The recall affects one lot that was shipped from September 25, 2020–March 12, 2021. Teva has not received any additional reports of illness or injury. The recall affects the following product:
- Carton NDC: 0703-4714-01
- Vial NDC: 0703-4714-71
- Lot #31328962B
- Expiration date: 04/2022
Administration of an injectable product that contains particulate matter may result in local irritation or swelling in response to the foreign material. If the particulate matter reaches the blood vessels, it can travel to various organs and block blood vessels in the heart, lungs, or brain.

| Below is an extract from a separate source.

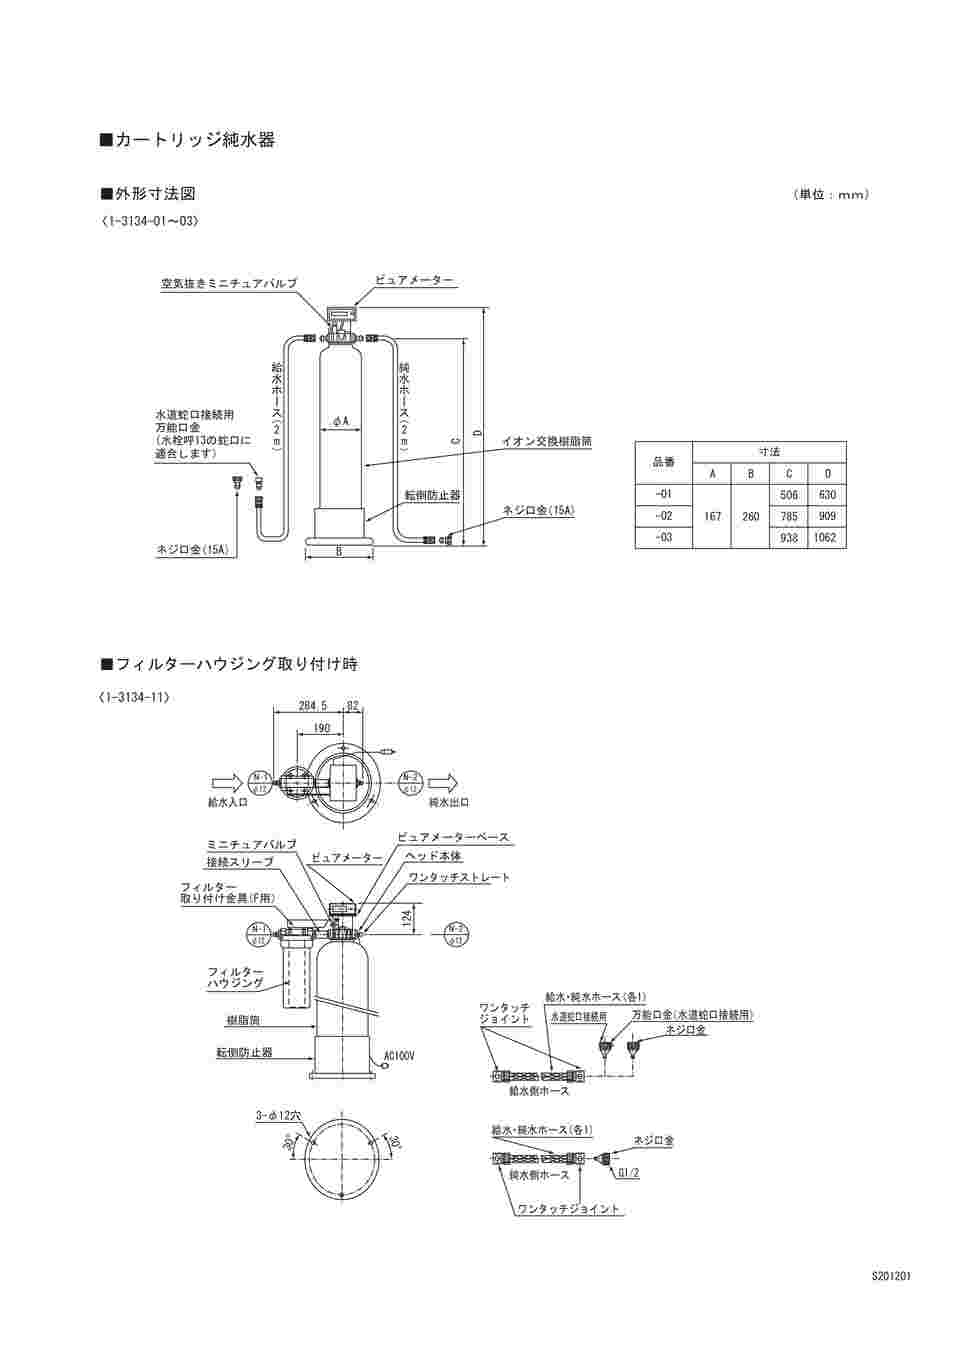 栗田工業 カートリッジ純水器 デミエース DX-15型 (1-3134-03) :1-3134

As a single agent, topotecan injection is for the treatment of patients with metastatic ovarian cancer after disease progression on or after initial or subsequent chemotherapy and patients with small cell lung cancer platinum-sensitive disease who progressed at least 60 days after initiation of first-line chemotherapy. It is also for treatment of patients with Stage IV-B, recurrent, or persistent cervical cancer in combination with cisplatin.

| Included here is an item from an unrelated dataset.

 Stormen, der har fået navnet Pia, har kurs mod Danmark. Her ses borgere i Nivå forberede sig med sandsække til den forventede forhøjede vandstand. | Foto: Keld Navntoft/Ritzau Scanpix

Teva Pharmaceuticals sent a recall letter to affected customers on June 18, 2021, instructing them to:
- Immediately examine inventory for lot 31328962B.
- Immediately discontinue distribution and use of lot 31328962B and quarantine the lot.
- Perform a subrecall to your accounts using Teva Pharmaceuticals’ Recall Notification and Stock Response Form if you have further distributed lot 31328962B.
- Complete and return the recall stock response form.
Consumers who have questions, concerns, or reports of adverse events should consult their healthcare provider and Teva’s medical information representatives at 888-838-2872, option 3, then option 4, Monday through Friday between 8:30 am–5 pm (ET), or at firstname.lastname@example.org.
Healthcare professionals and consumers should report any adverse reactions or quality problems they experience while using the product to MedWatch, FDA’s Safety Information and Adverse Event Reporting Program.